◆ WHAT THE TASK ASKS:
The material below holds pictures; leave them out and reproduce exactly the lines from the one with "These 4 Signs" through the one with "helford beach picture sizes", inclusive.

◆ EXCERPTED DATA:
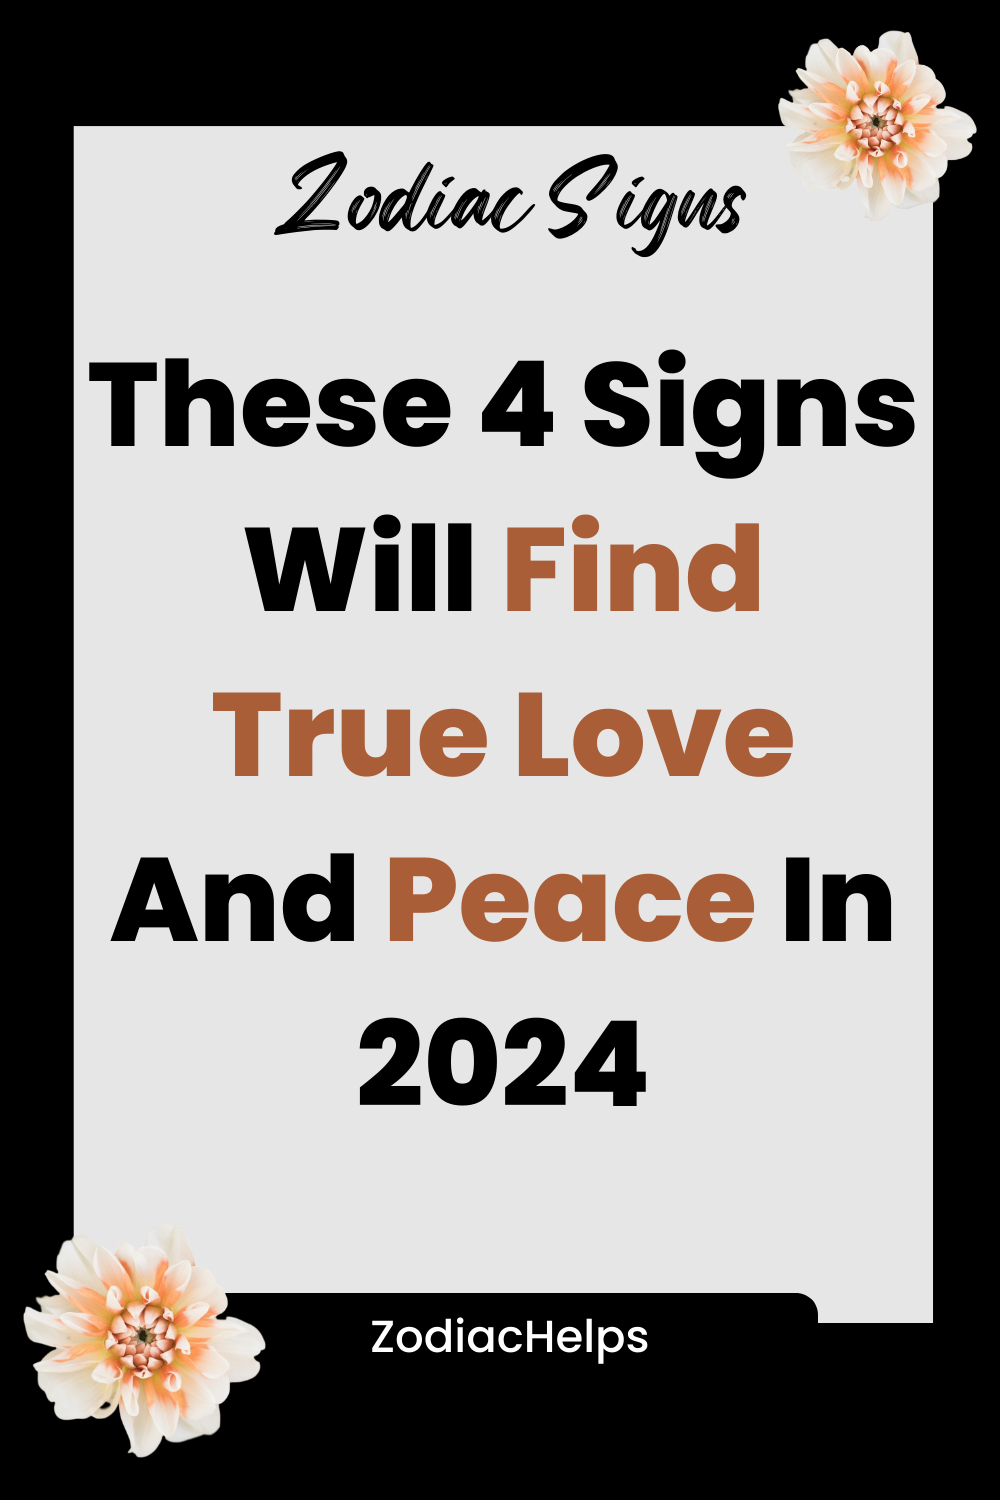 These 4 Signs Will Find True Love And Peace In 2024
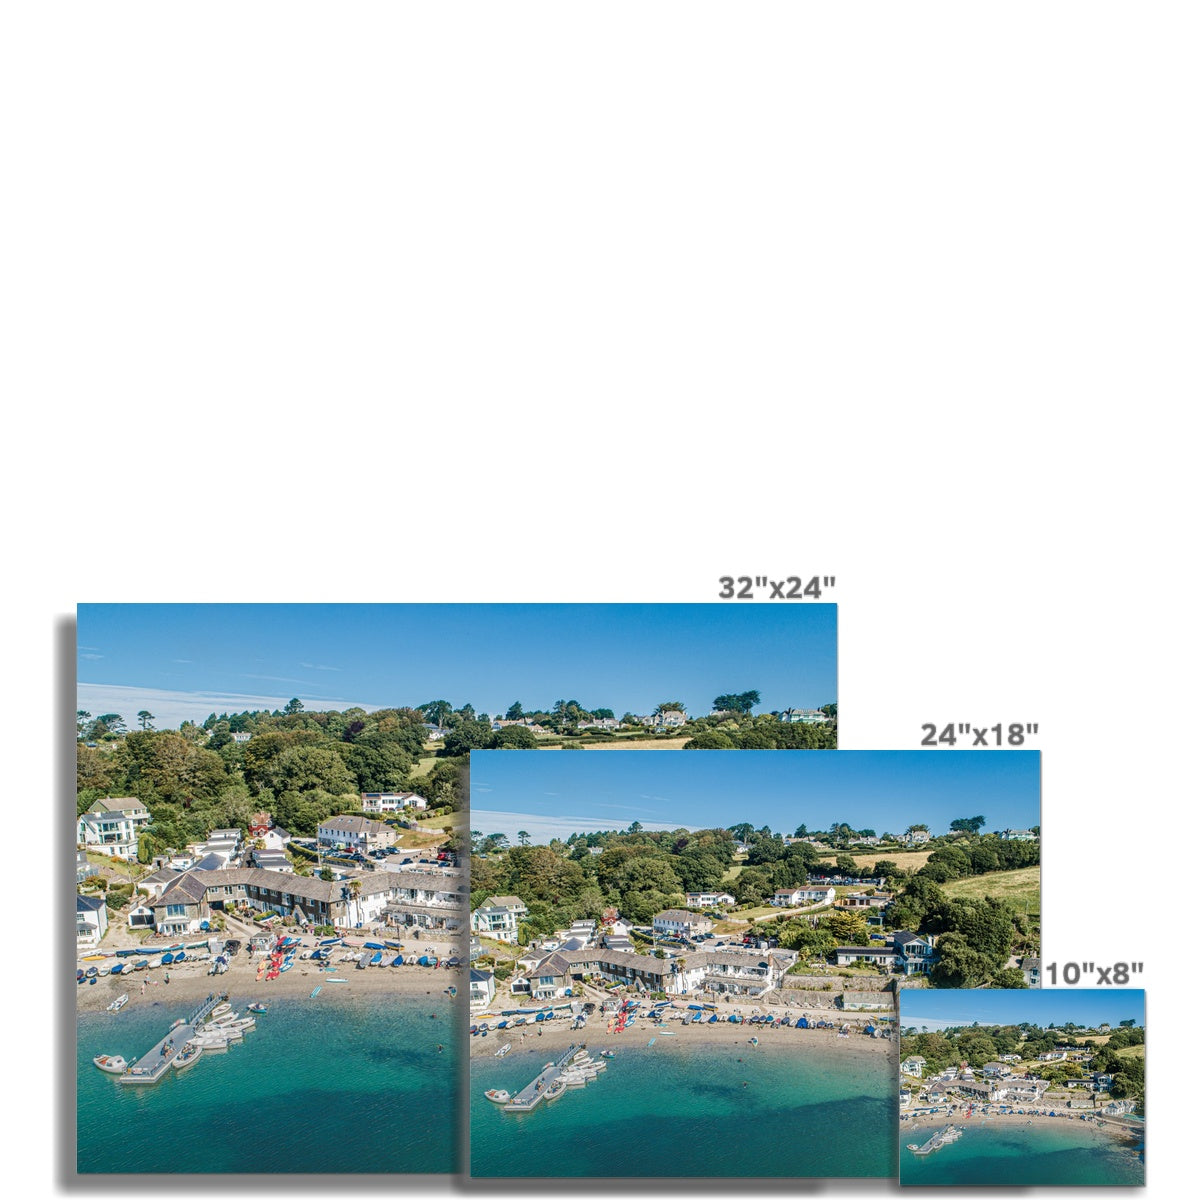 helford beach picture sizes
* * *
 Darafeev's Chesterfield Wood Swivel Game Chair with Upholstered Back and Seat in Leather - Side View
==
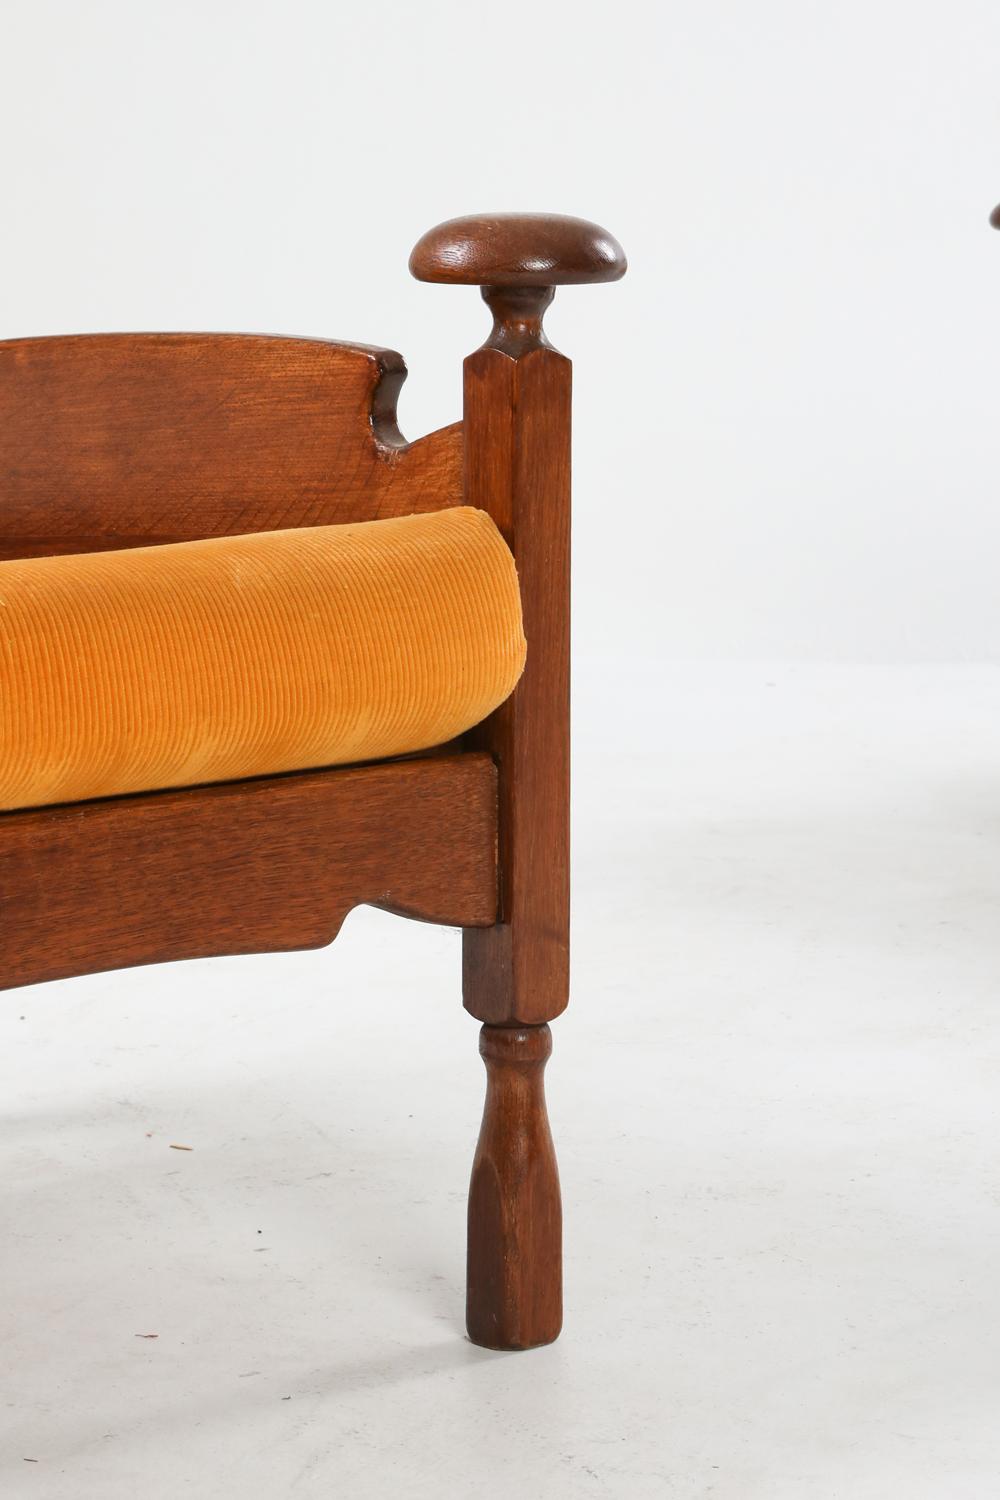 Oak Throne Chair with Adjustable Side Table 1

◆ ANSWER:
 These 4 Signs Will Find True Love And Peace In 2024
 helford beach picture sizes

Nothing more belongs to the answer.